C'era una volta

Il re degli alberi da frutto, il noce – Spaghetti con le noci

Il noce, un po’ di storia

Ritroviamo la pianta del noce nella notte dei tempi, riandiamo per un momento più lontano possibile e lì ritroveremo sicuramente le sue tracce.

L’origine è incerta. Reperti fossili riportano la presenza spontanea a 9.000 anni fa, in Asia, Europa e Nord America. In seguito all’evoluzione e all’adattamento la pianta ha dato vita allo sviluppo di circa 20 specie.

Importato in Europa a cura dei re Persiani, sembra provenire dall’Asia Minore. Plinio il Vecchio riporta, nel “Naturalia Historia”, noci importate dai Greci dal V secolo a.C. I Greci lo considerano dono regale e lo stimano albero profetico. profetico.

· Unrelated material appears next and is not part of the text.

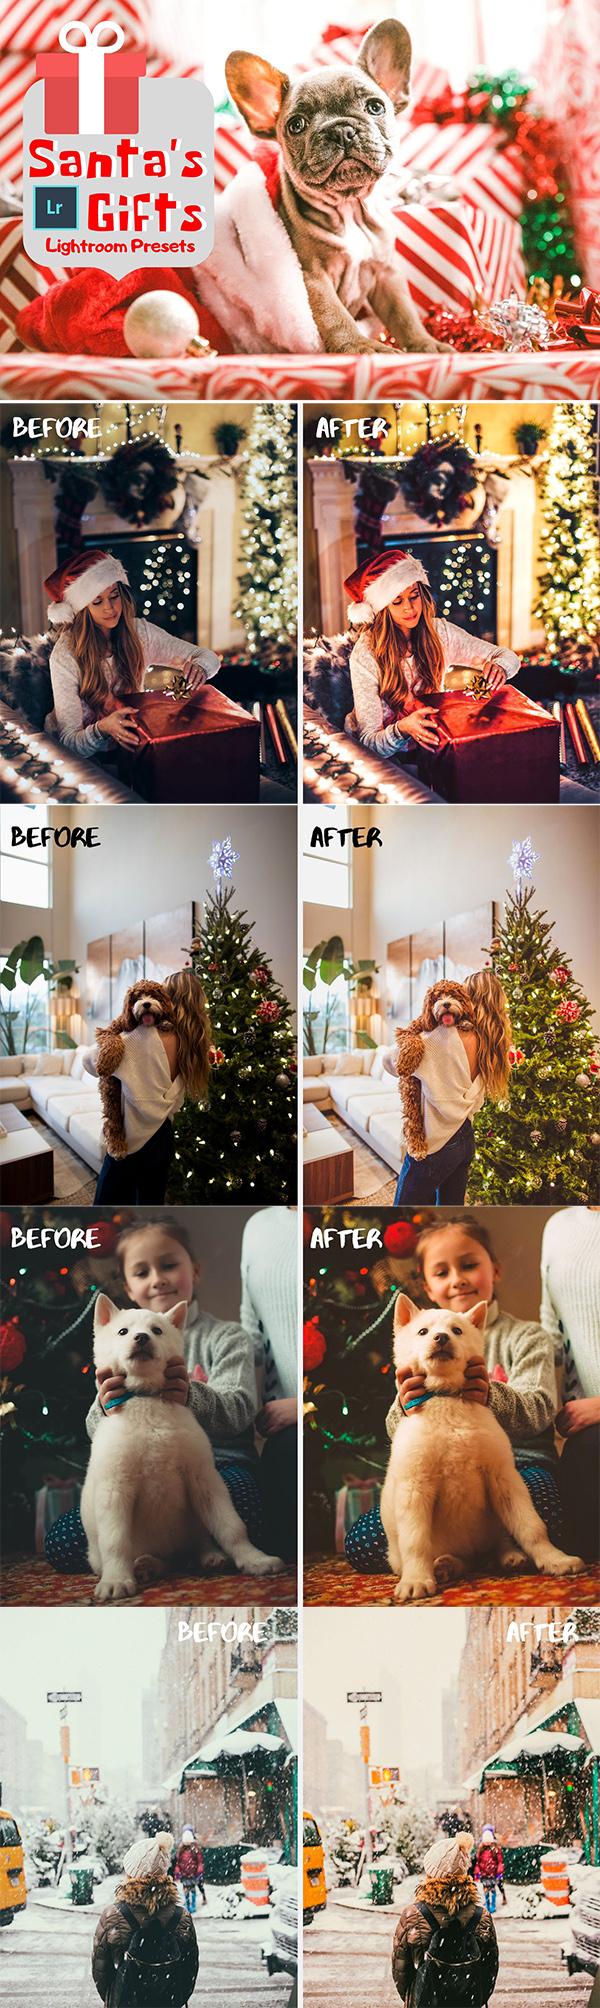 Free Santa's Gifts Lightroom Presets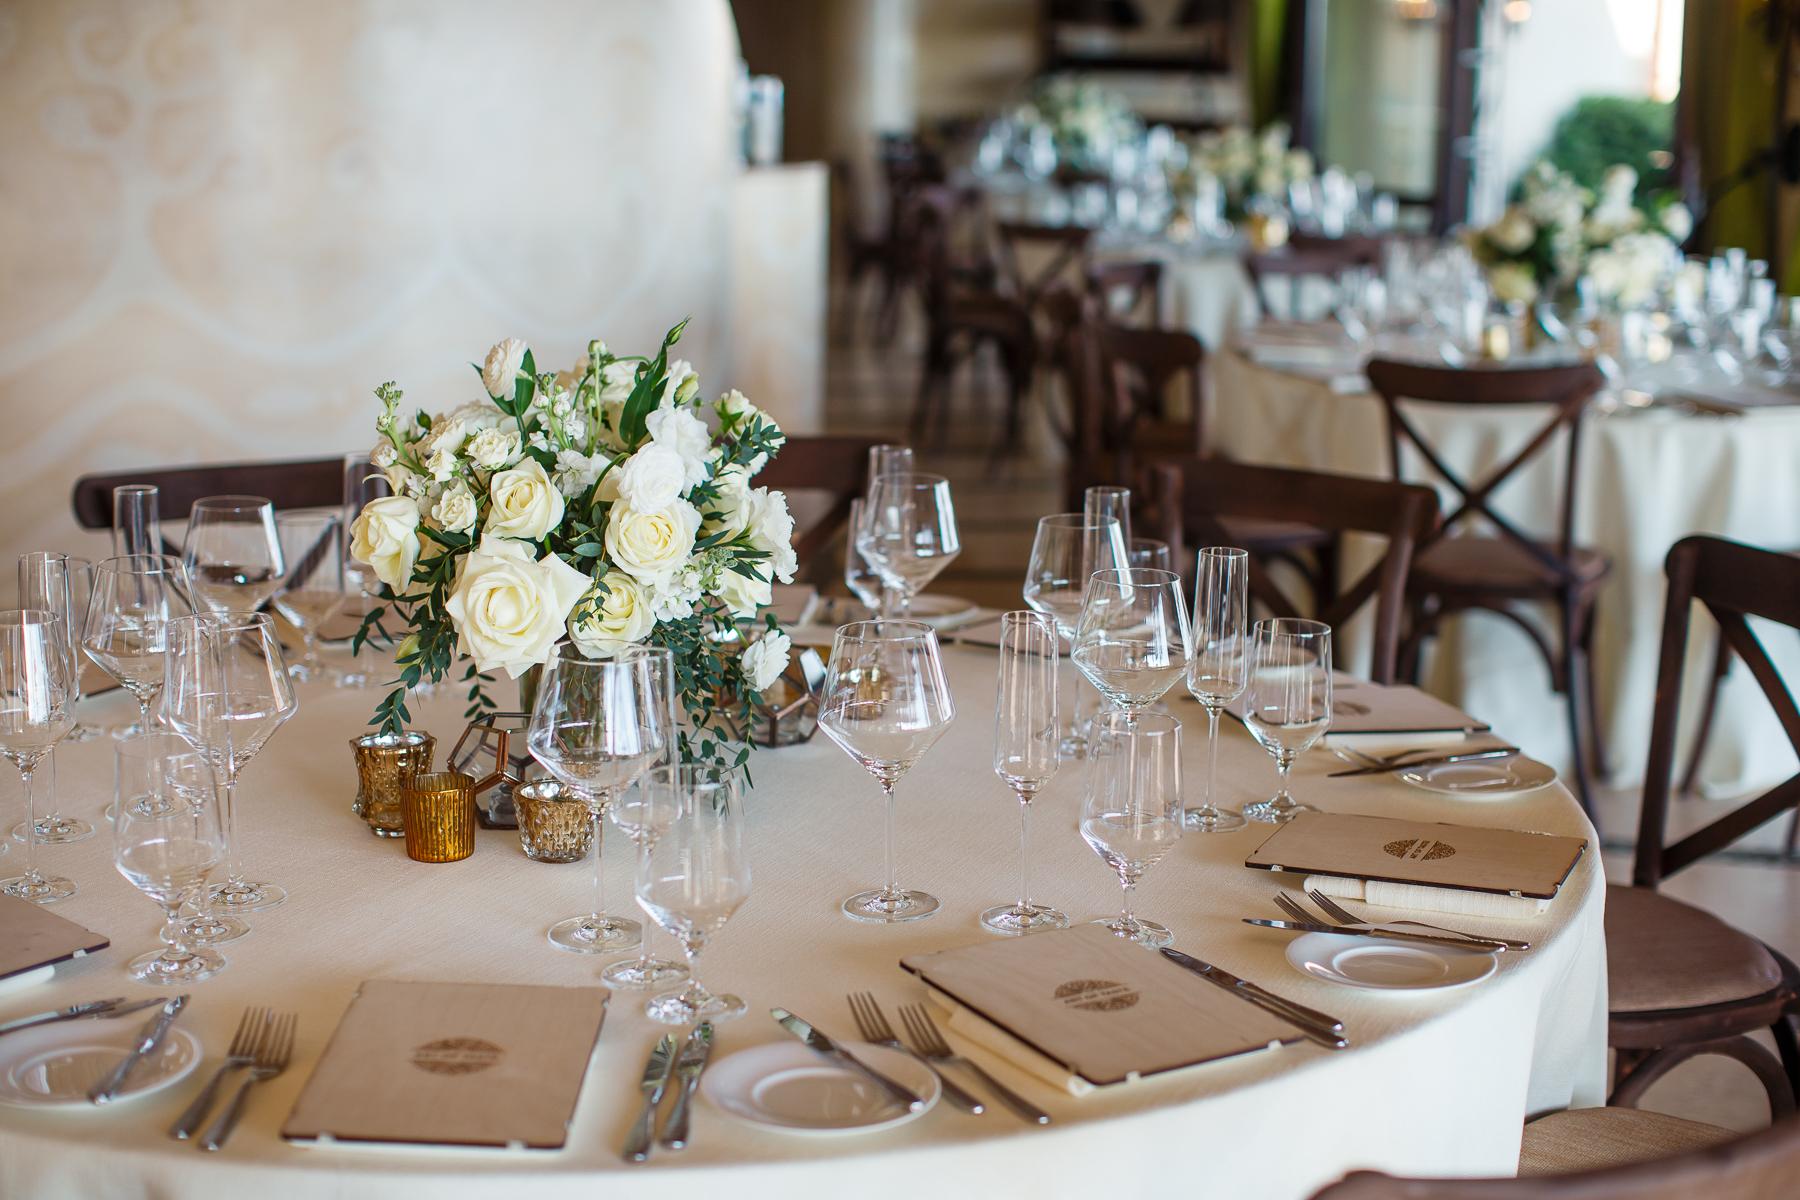 29.10.16 Art of Taste. Gala Dinner. Julieta Amezcua Cabo Wedding Photography.  (5 of 183).jpg

Nella mitologia greca il noce era collegato al dio Dionisio, il quale, ospite del re Dione della Laconia, si innamora di una delle sue tre figlie, Caria, che contraccambia il suo amore. Un amore contrastato dalla gelosia delle sue sorelle, pronte a fare pettegolezzi sul dio Dionisio, che furibondo le porterà verso la pazzia e successivamente toglierà loro la vita. Per disperazione Caria muore mentre Dionisio finisce per trasformarla in un albero di noce destinato a produrre frutti fecondi.

Sotto al noce si verificavano riti pagani. Uno dei più noti in Italia è legato alle streghe di Benevento.

Nei processi per stregoneria ritroviamo più volte l’albero di noce. In particolare, durante il Medioevo la religione cristiana penalizza con crudeltà e con la morte donne giudicate streghe, portatrici del male.

Nell’antichità i medici utilizzavano le piante e i loro estratti per curare o mantenere la salute. Le persone si ristabilivano ricorrendo alla Dottrina della Segnatura, che consisteva nell’individuare le piante e associarle alle parti del corpo bisognose di cure. La noce, con il gheriglio, è simile ai due emisferi cerebrali. Questo l’avvicinava alle questioni del cervello.

Frutto nutriente veniva utilizzato nei periodi di carestia.

La pianta del noce

Per il suo aspetto imponente e la lunga longevità, il noce è considerato il re degli alberi da frutto. Le noci presentano frutti ovali ricoperti dal mallo, un guscio verde. A maturazione della noce, il mallo essiccato, si annerisce a fa cedere a terra la noce.

I frutti, consumati sia freschi che essiccati, trovano spazio nella realizzazione di dolci, per estrarre l’olio e dai frutti ancora verdi si può realizzare il famoso liquore nocino.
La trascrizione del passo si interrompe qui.